Well, first we asked different types of customers because, well, travelsncf.com is a special
site. In a way, it's the site of all the French people. It's a site visited by about 80% of French
internet users.
Well, you'd like to be inside of the customer's head to know exactly how they feel when they
visit your site, wouldn't you?
Well, of course.
Do you use any neuromarketing techniques?
We did actually use some, yes.
Ah, so you did use some?
Yes.
Tell me what you did.
In fact, what we wanted to know was if the customer's brain spontaneously reacted positively
or not to the site.
So you did neuromarketing by placing some of your customers in MRI's to see the reaction in
their brains. Is that right?
I'm not explaining myself well. We know that this technology exists. But it's not a technology
that we use in travelsncf.com.
You've never used it?
No.
Are you sure?
No. I don't think so.
You didn't use it in France or Belgium?
Maybe in Belgium on our site.

Well, we have proof that you used it in Belgium and customers underwent MRI scans. There.
SNCF is written on these documents. So you can see that the SNCF has practiced
neuromarketing and has put its clients in an MRI for their site.

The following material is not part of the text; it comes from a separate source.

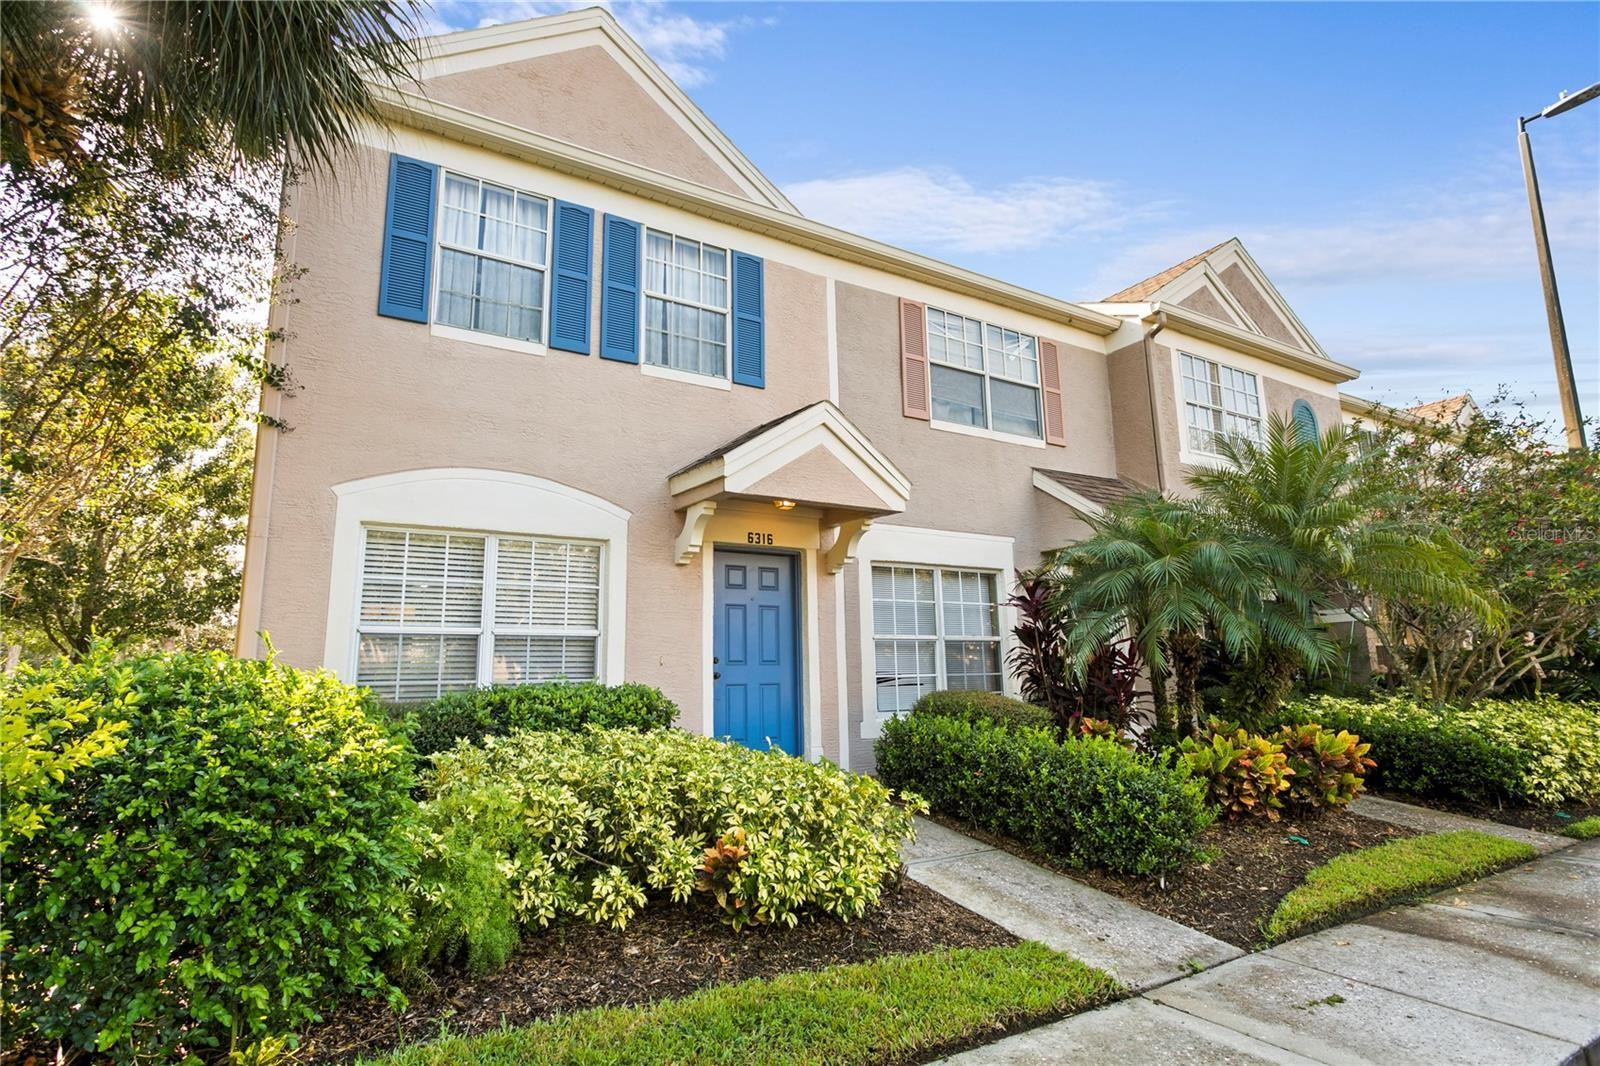 6316 BAYSIDE KEY DRIVE, Tampa, FL 33615 - MLS#: U8138686
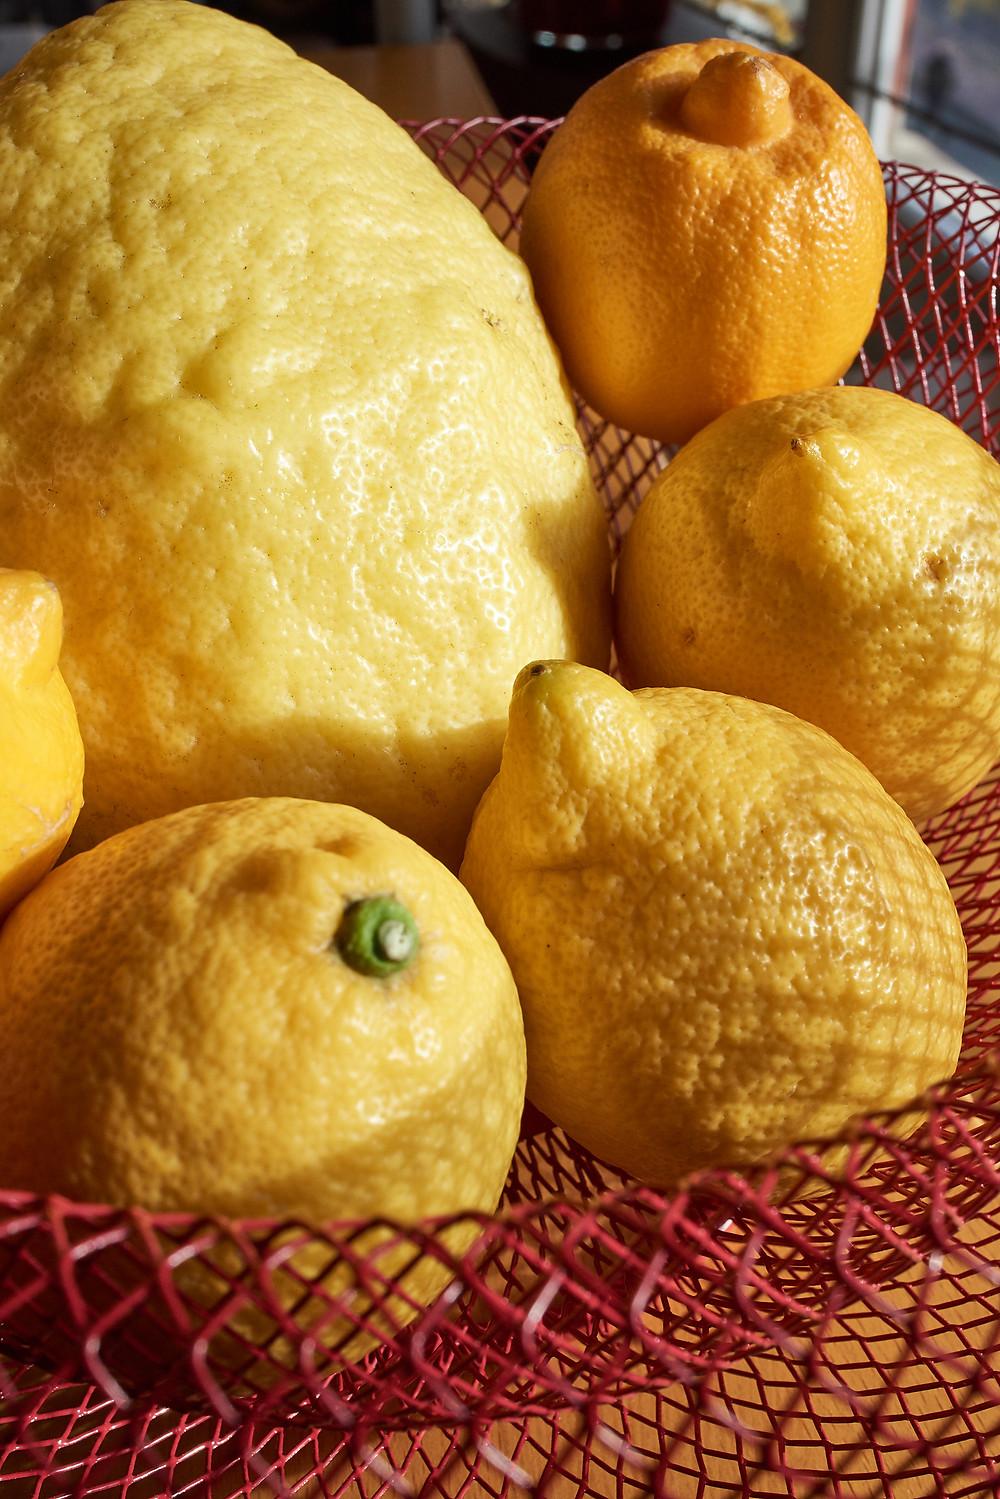 Le gros dodus c'est le cédrat, le petit en haut un peu plus orangé c'est la bergamote, quant aux trois autres ce sont des citrons

Well, hang on. There are several things here. The technology exists. The question you're
asking is if we used it extensively. And my answer is no. We may have used it experimentally
once. It's possible.
But you agree that there is evidence you used neuromarketing in Belgium, placing people in
MRI's to see their reactions to your site?
It's not impossible there may have been tests in an experiment one day. But in no way do we
want to generalize the use of these methods.
So why did you do it?
Well, listen, we did it because now everyone does it. But we decided not to use it regularly.
I don't think everyone does do it because it's illegal in France. Let me quote you article 1614
of the civil code. I quote, "brain technique can be used only for medical purposes or in
forensic cases." And this is neither one nor the other.
Which is why we don't do it anymore.
Is it a taboo subject in France, apart from being illegal?
I don't know. It's the first time anyone's ever asked me about it.
You mean the first time a journalist has asked you about it because the topic was started by
someone. So they must have told you about it.
No, of course. But, again, it's extremely marginal. I don't want our viewers to think that it's a
widespread practice. That is not the case.
But my question is, is it taboo?
I don't know what to tell you. I don't know. I don't know what to tell you.
OK. Thank you.
Consumers, do not be afraid. The neuromarketing experts are working on your behalf for a
better world, a world where hamburger chains put a smile on your children's faces, where
bankers know how to soothe your anxieties, and where beauty creams fill you with desire. No
matter what the product, tomorrow, you will be satisfied by simply just opening your wallets.